[[ Records to use open ]]

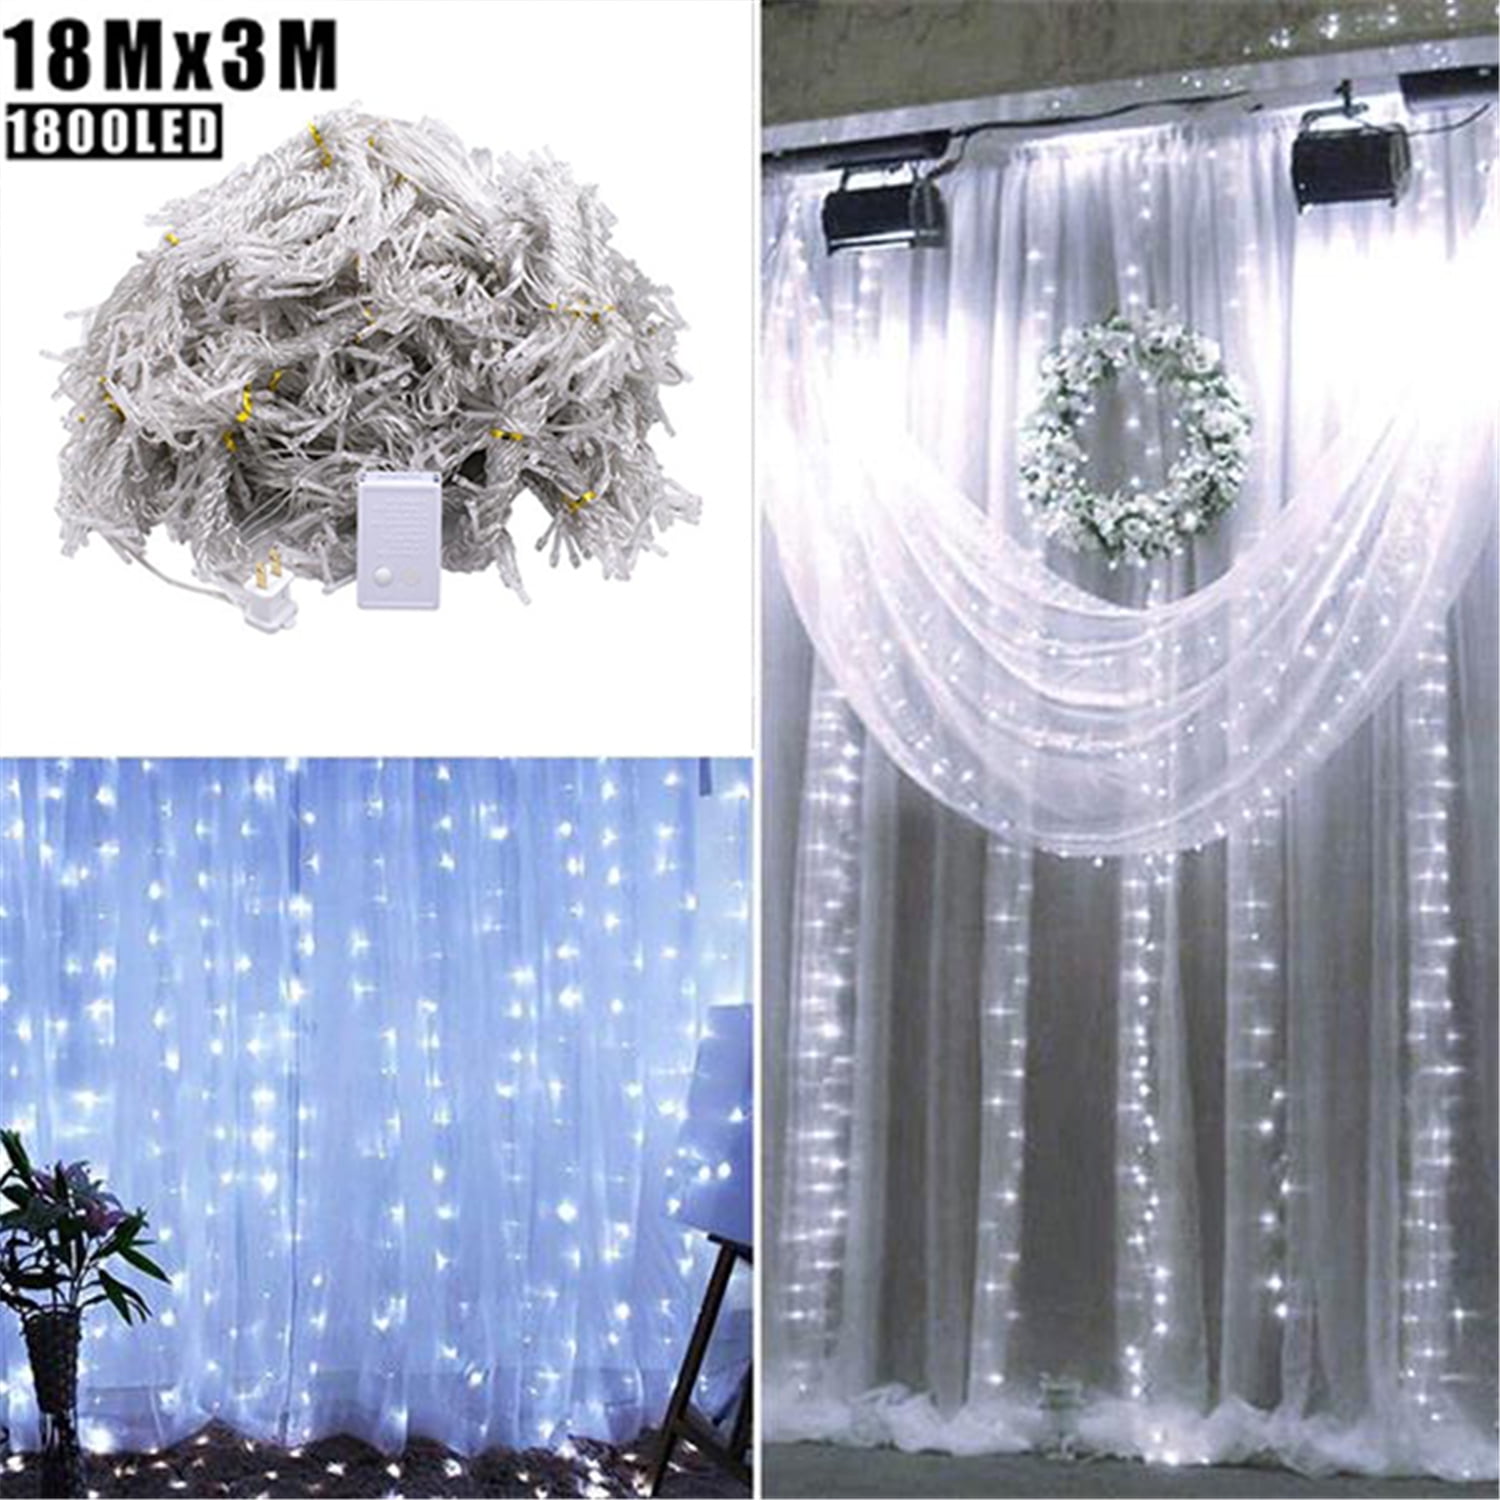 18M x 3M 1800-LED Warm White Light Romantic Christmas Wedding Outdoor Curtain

[[ Records to use closed ]]
[[ Records to use open ]]

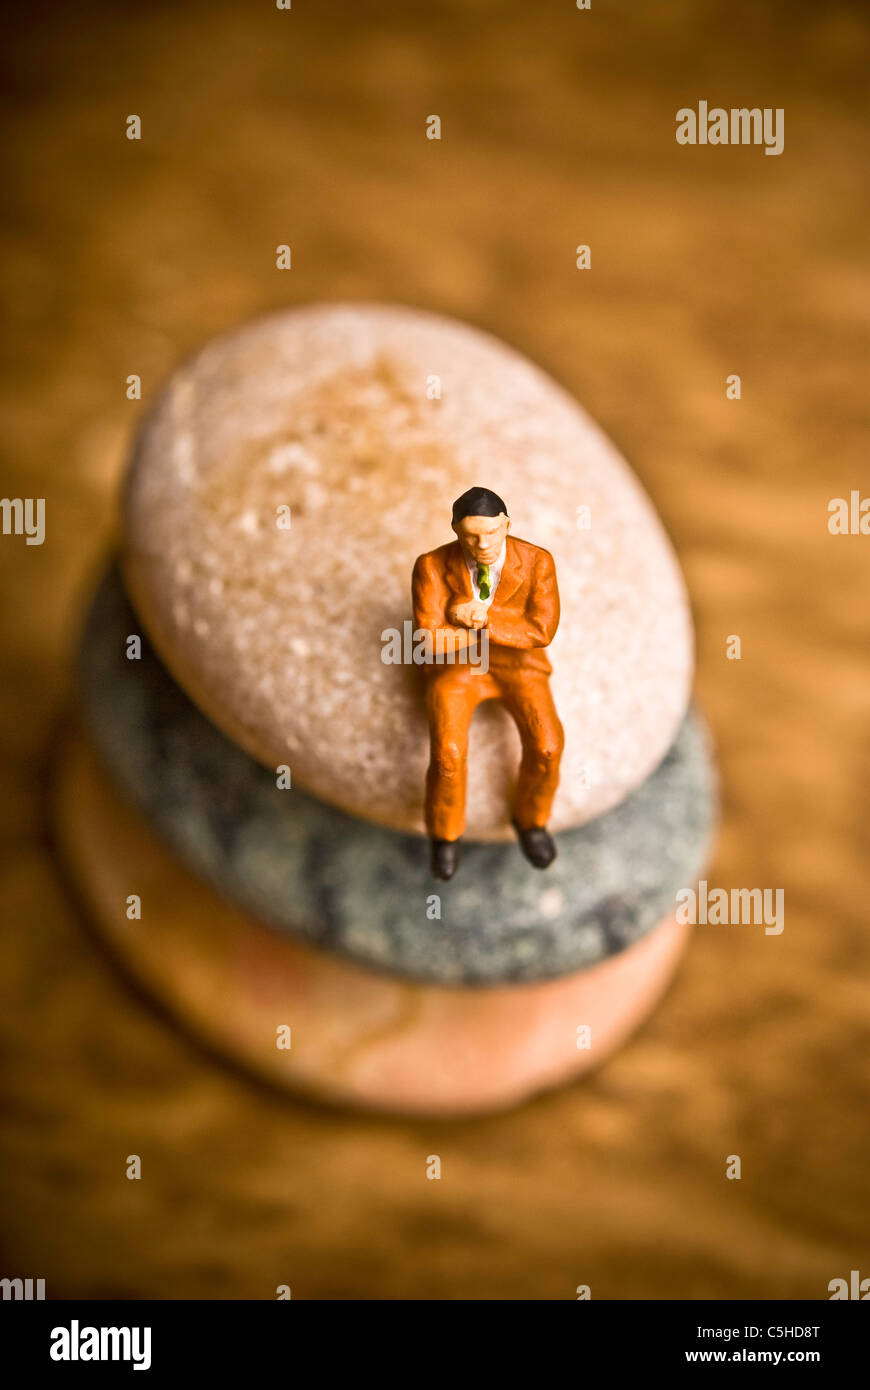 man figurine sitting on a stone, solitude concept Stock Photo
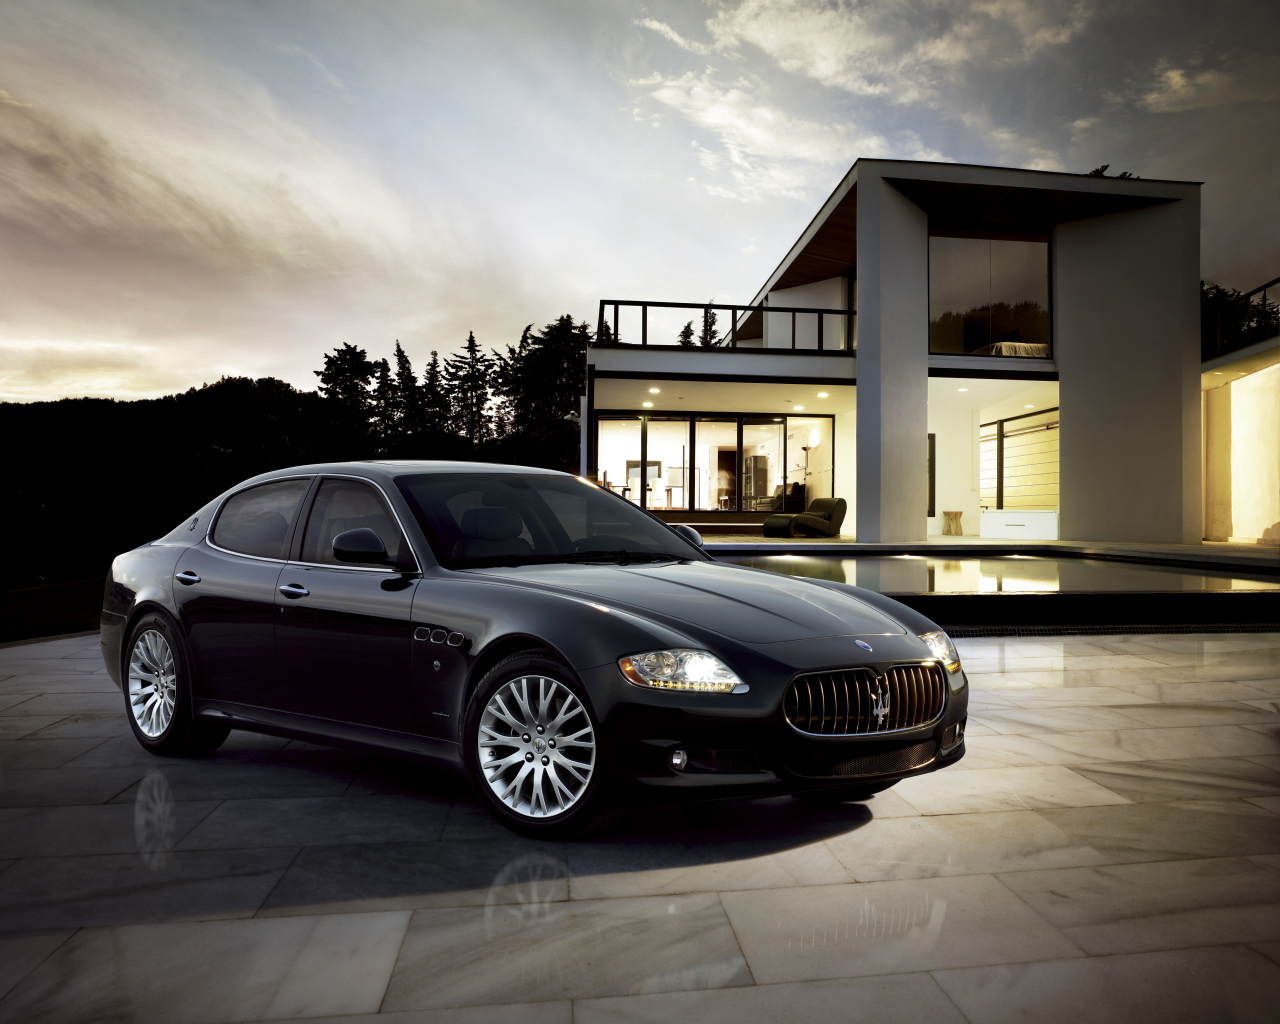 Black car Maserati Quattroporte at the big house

[[ Records to use closed ]]
[[ Records to use open ]]

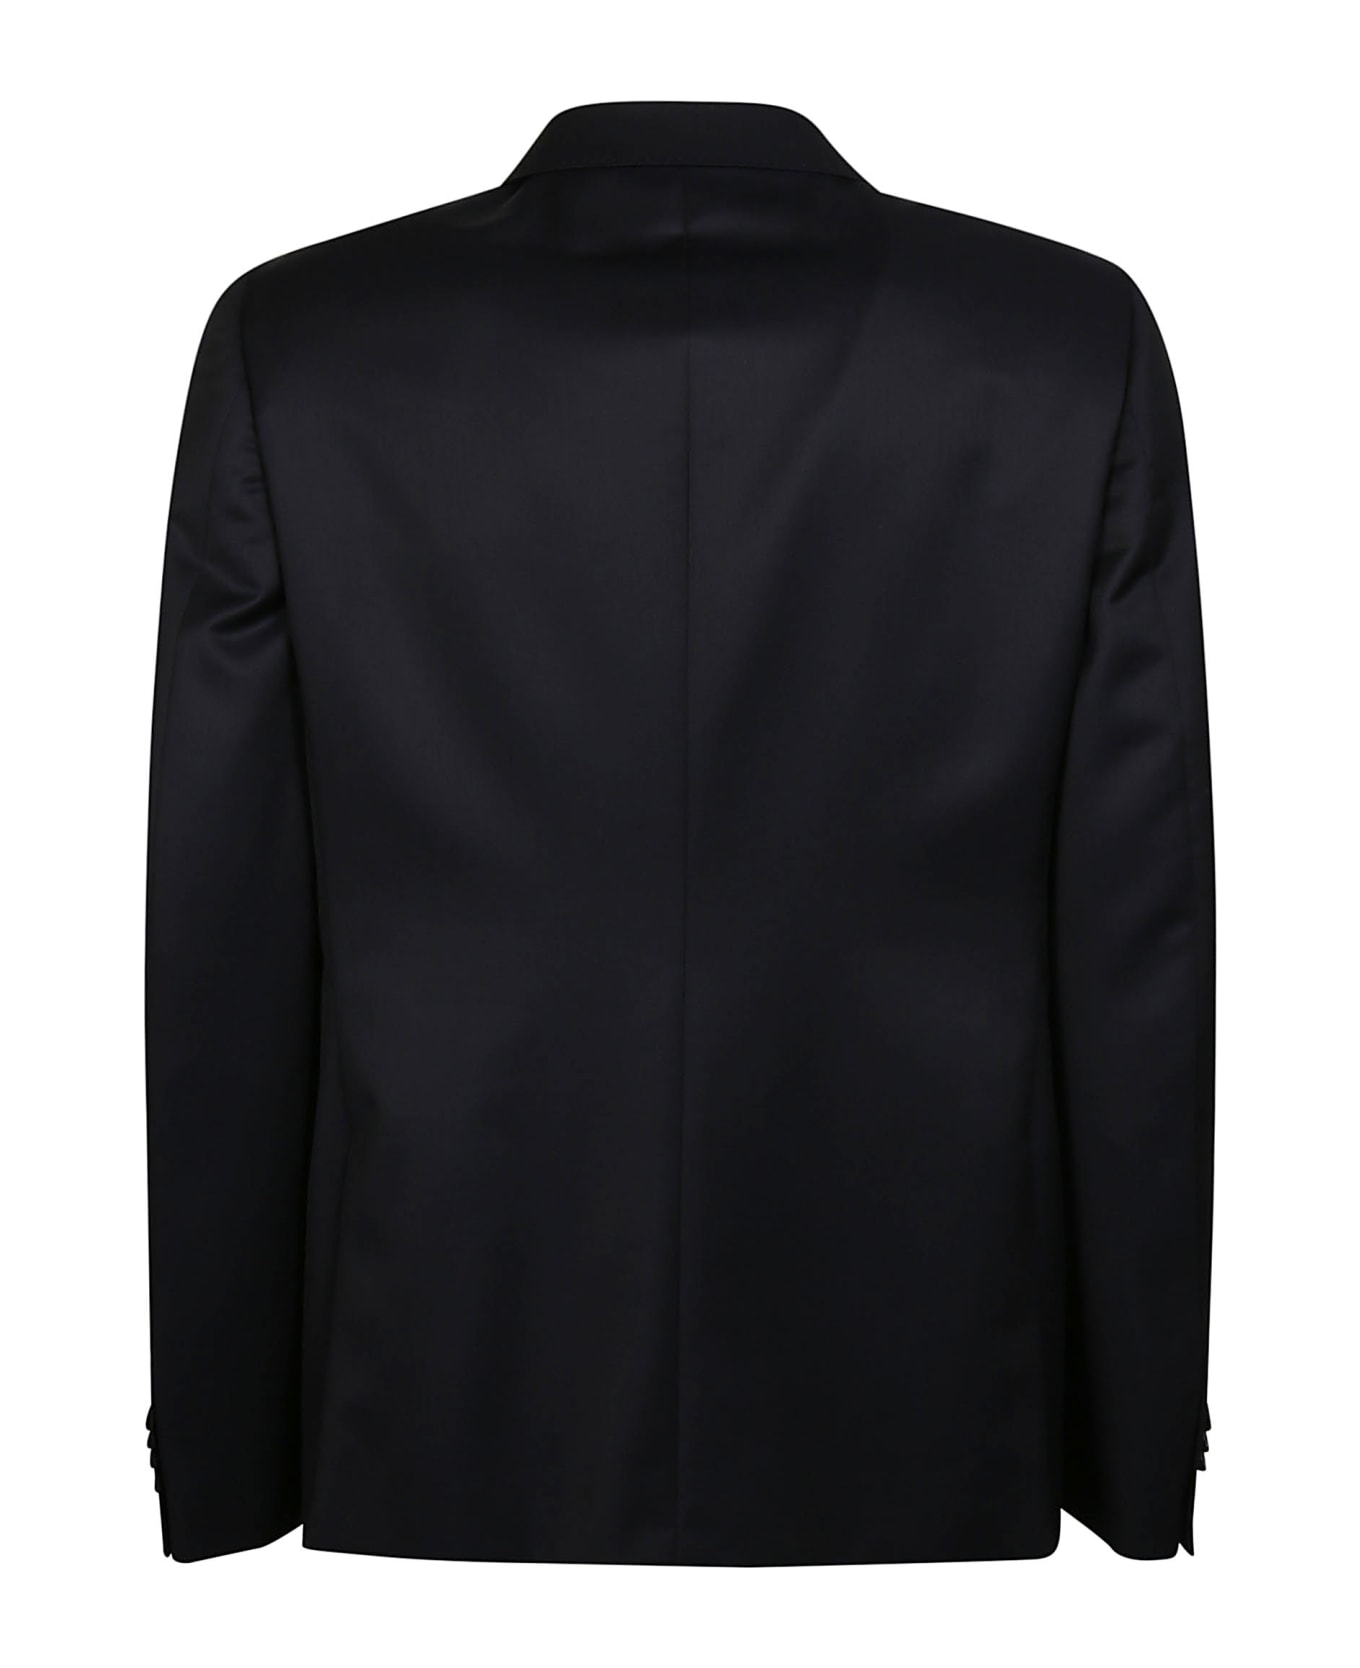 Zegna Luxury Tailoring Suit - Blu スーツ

[[ Records to use closed ]]

* Problem: Using the material above, transcribe exactly the lines from the one holding "man figurine sitting" to the one holding "Black car Maserati", both ends kept. Do not carry over any pictures.

* Task solution:
 man figurine sitting on a stone, solitude concept Stock Photo
 Black car Maserati Quattroporte at the big house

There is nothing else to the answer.